• _DATA SEGMENT_:
- - -

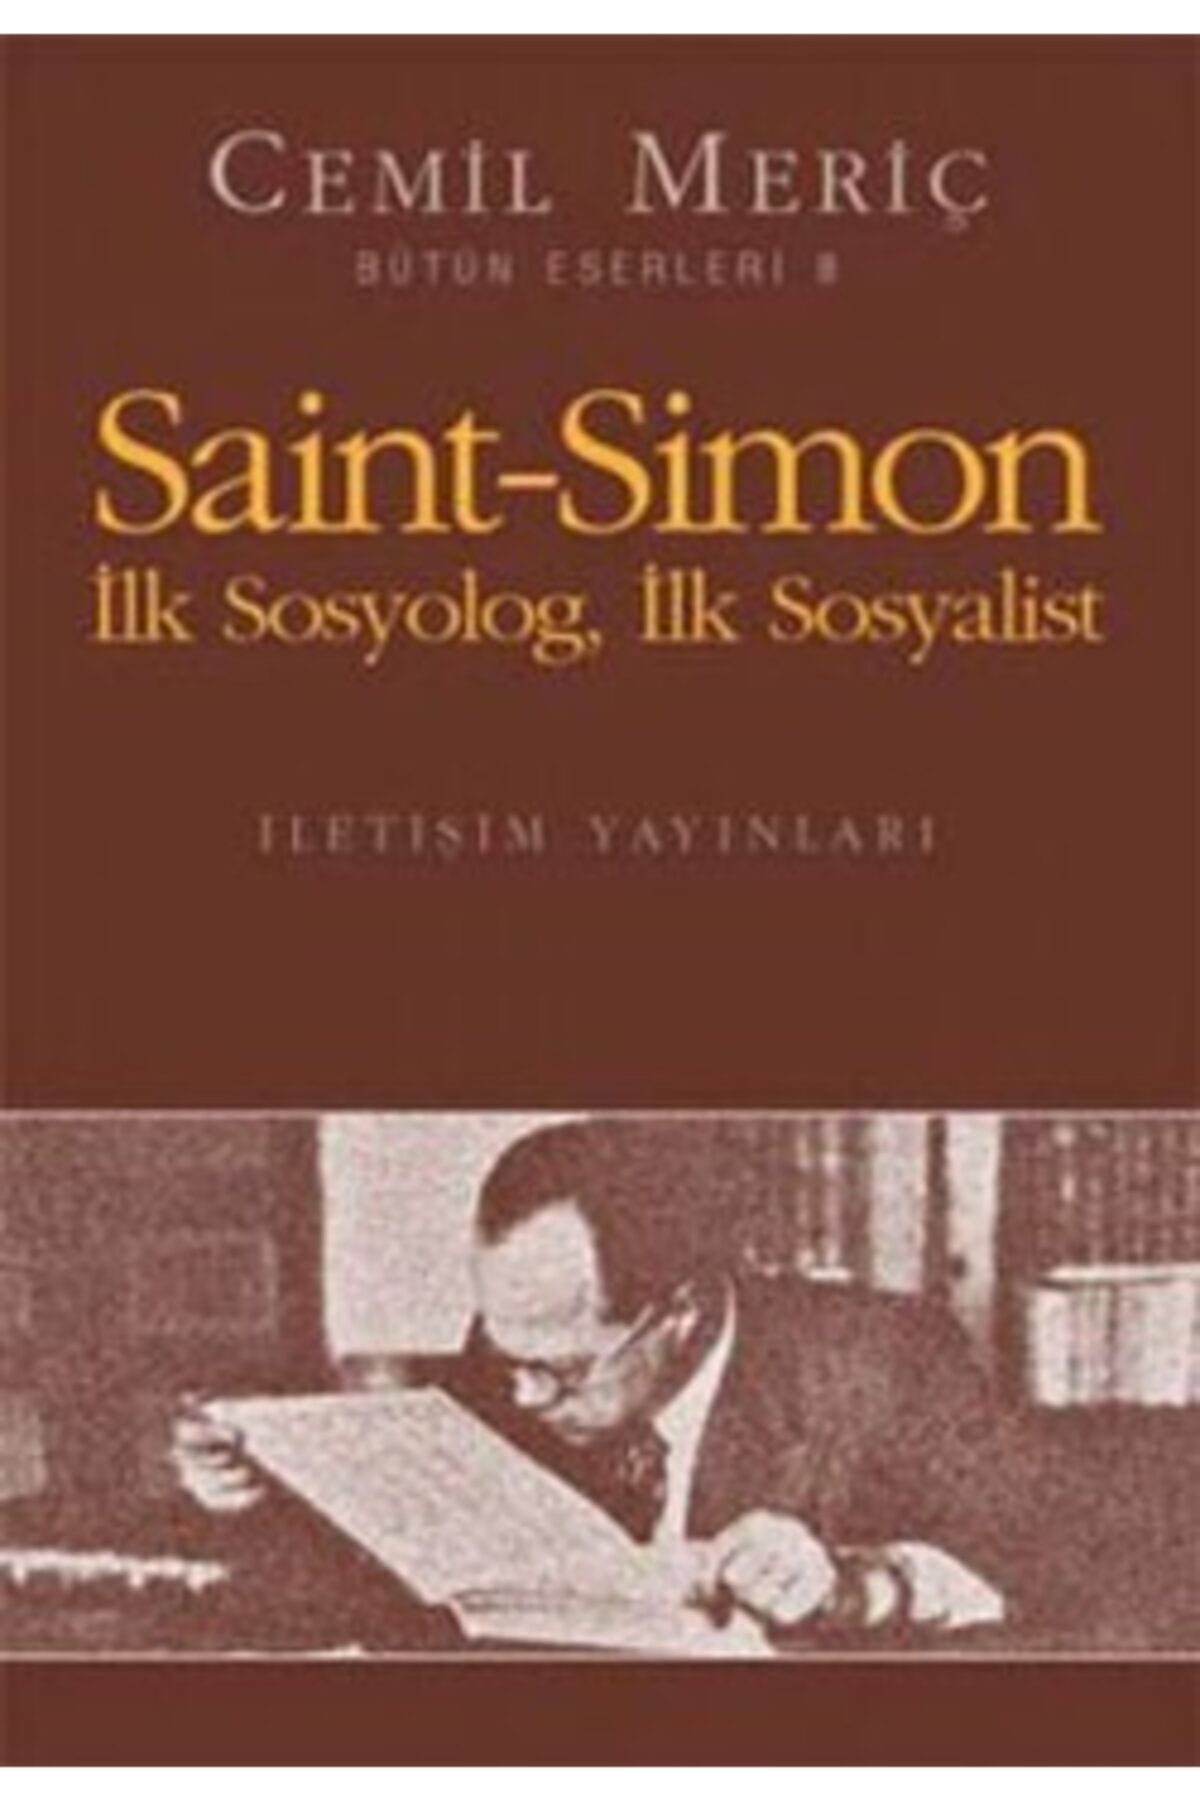 İletişim Yayınları Saint Simon: Ilk Sosyolog, Ilk Sosyalist - Cemil Meriç -
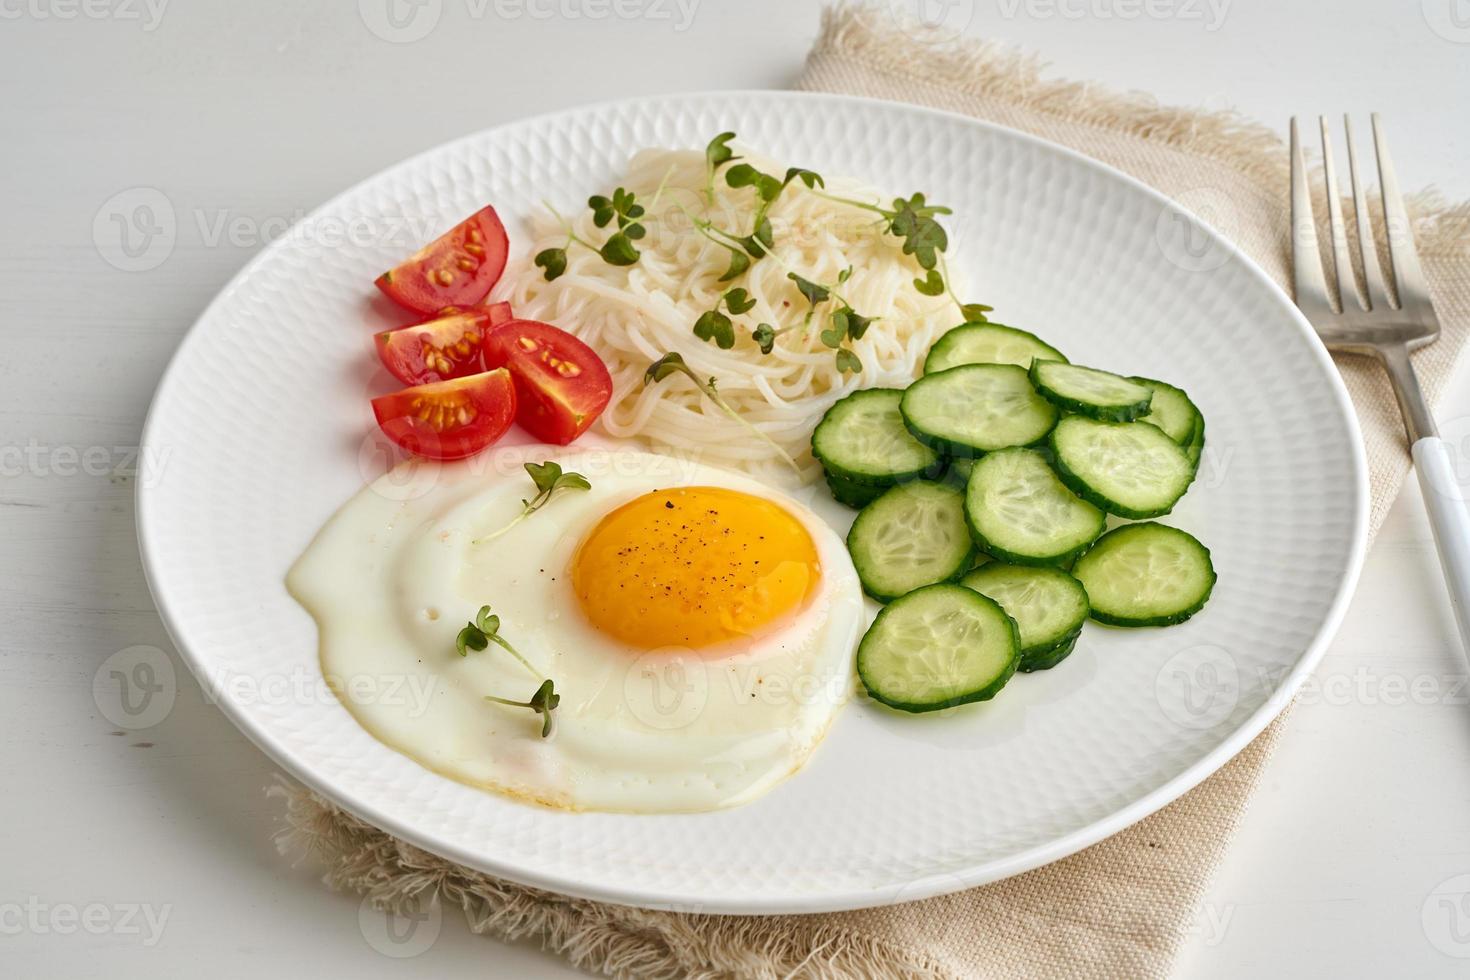 gezond ontbijt - gebakken ei met kerstomaatjes en komkommer op lichte witte achtergrond, fodmap dash dieet, glutenvrij, zijaanzicht close-up foto
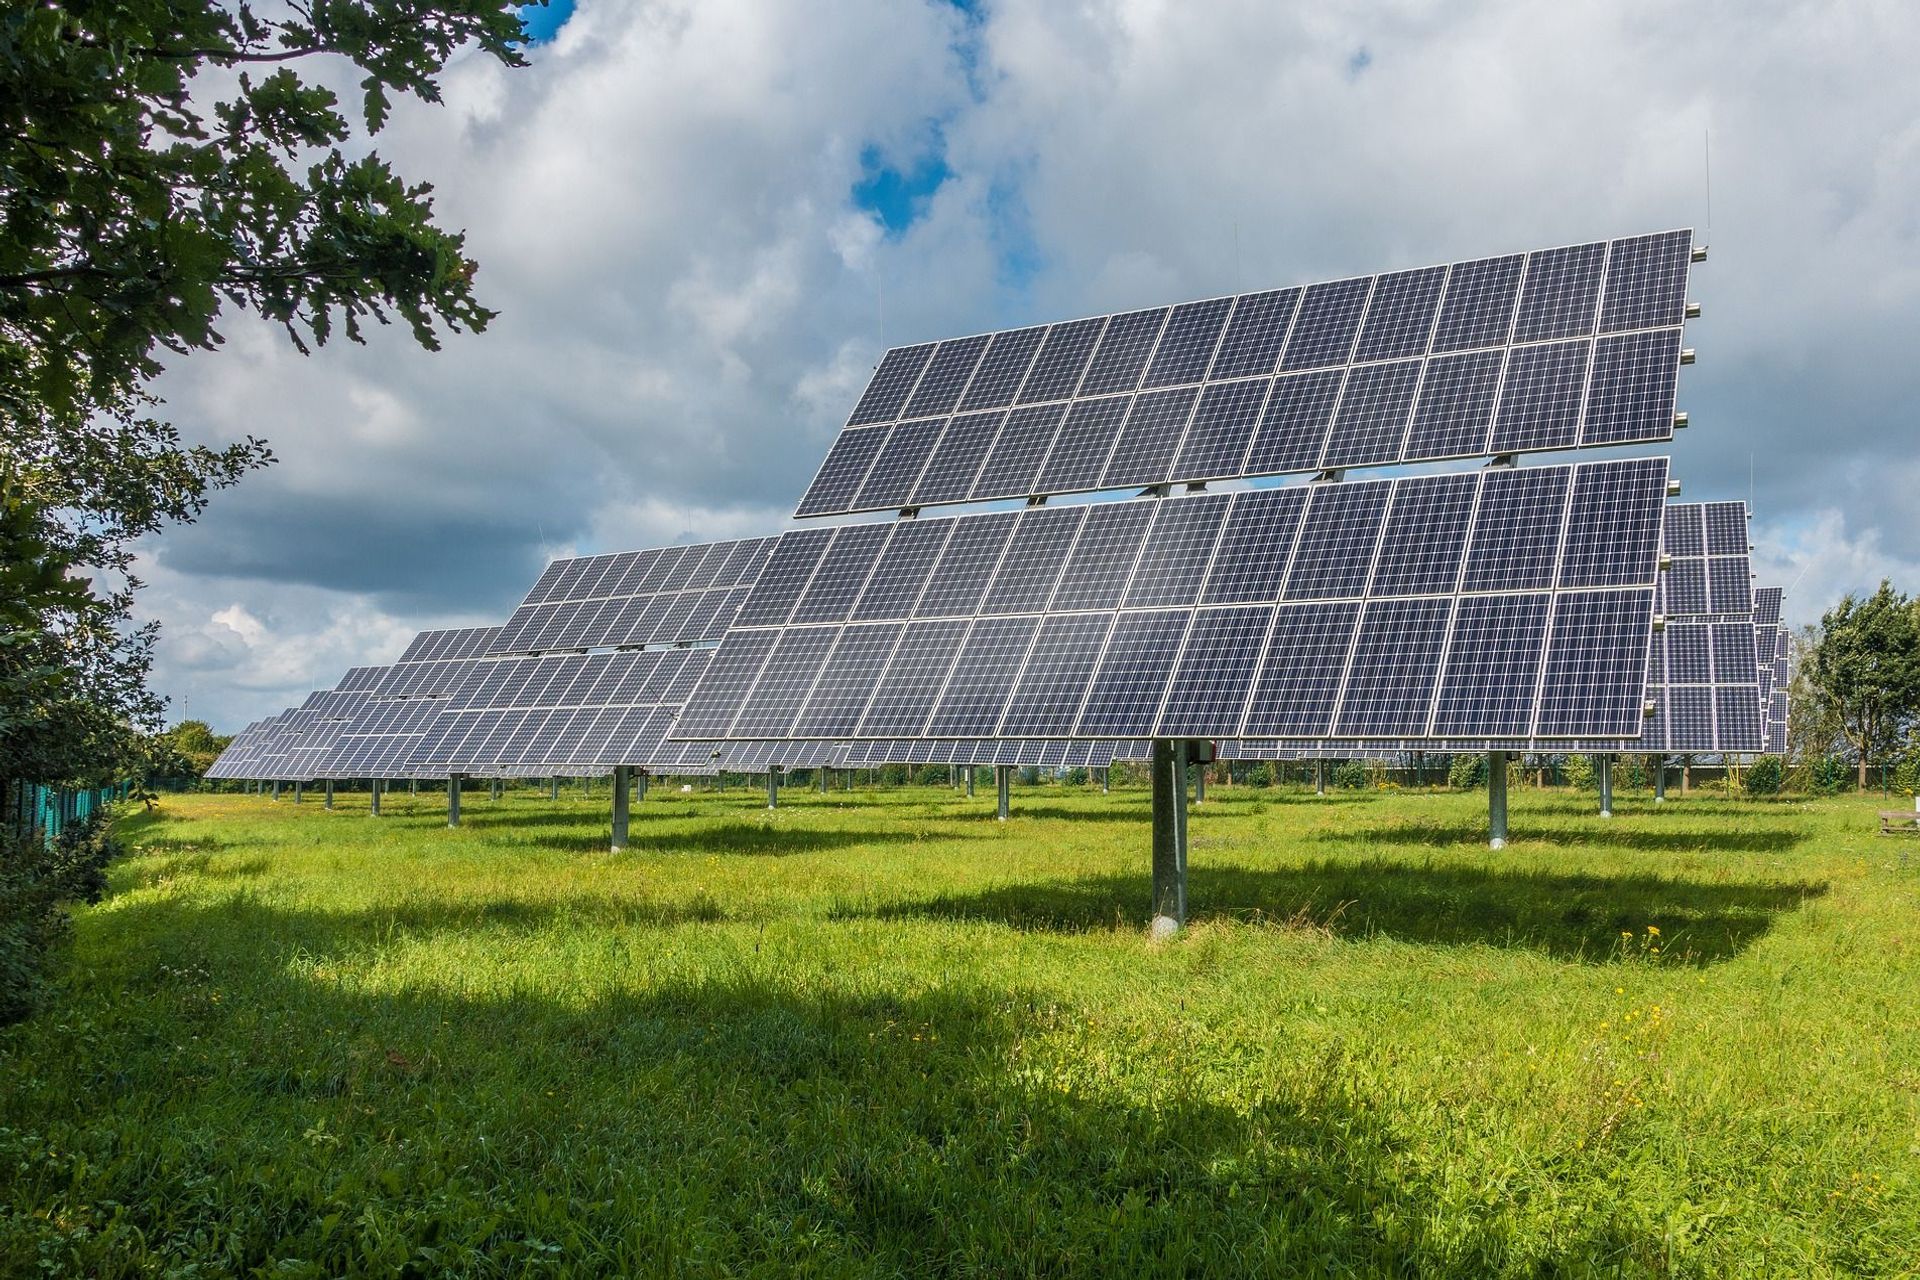 L'energia recollida a través de plaques solars és gairebé il·limitada

- - -

• _WORK INSTRUCTIONS_:
Leaving out only the pictures, reproduce the listing exactly.

• _OUTPUT FOR THIS TASK_:
 İletişim Yayınları Saint Simon: Ilk Sosyolog, Ilk Sosyalist - Cemil Meriç -
 gezond ontbijt - gebakken ei met kerstomaatjes en komkommer op lichte witte achtergrond, fodmap dash dieet, glutenvrij, zijaanzicht close-up foto
 L'energia recollida a través de plaques solars és gairebé il·limitada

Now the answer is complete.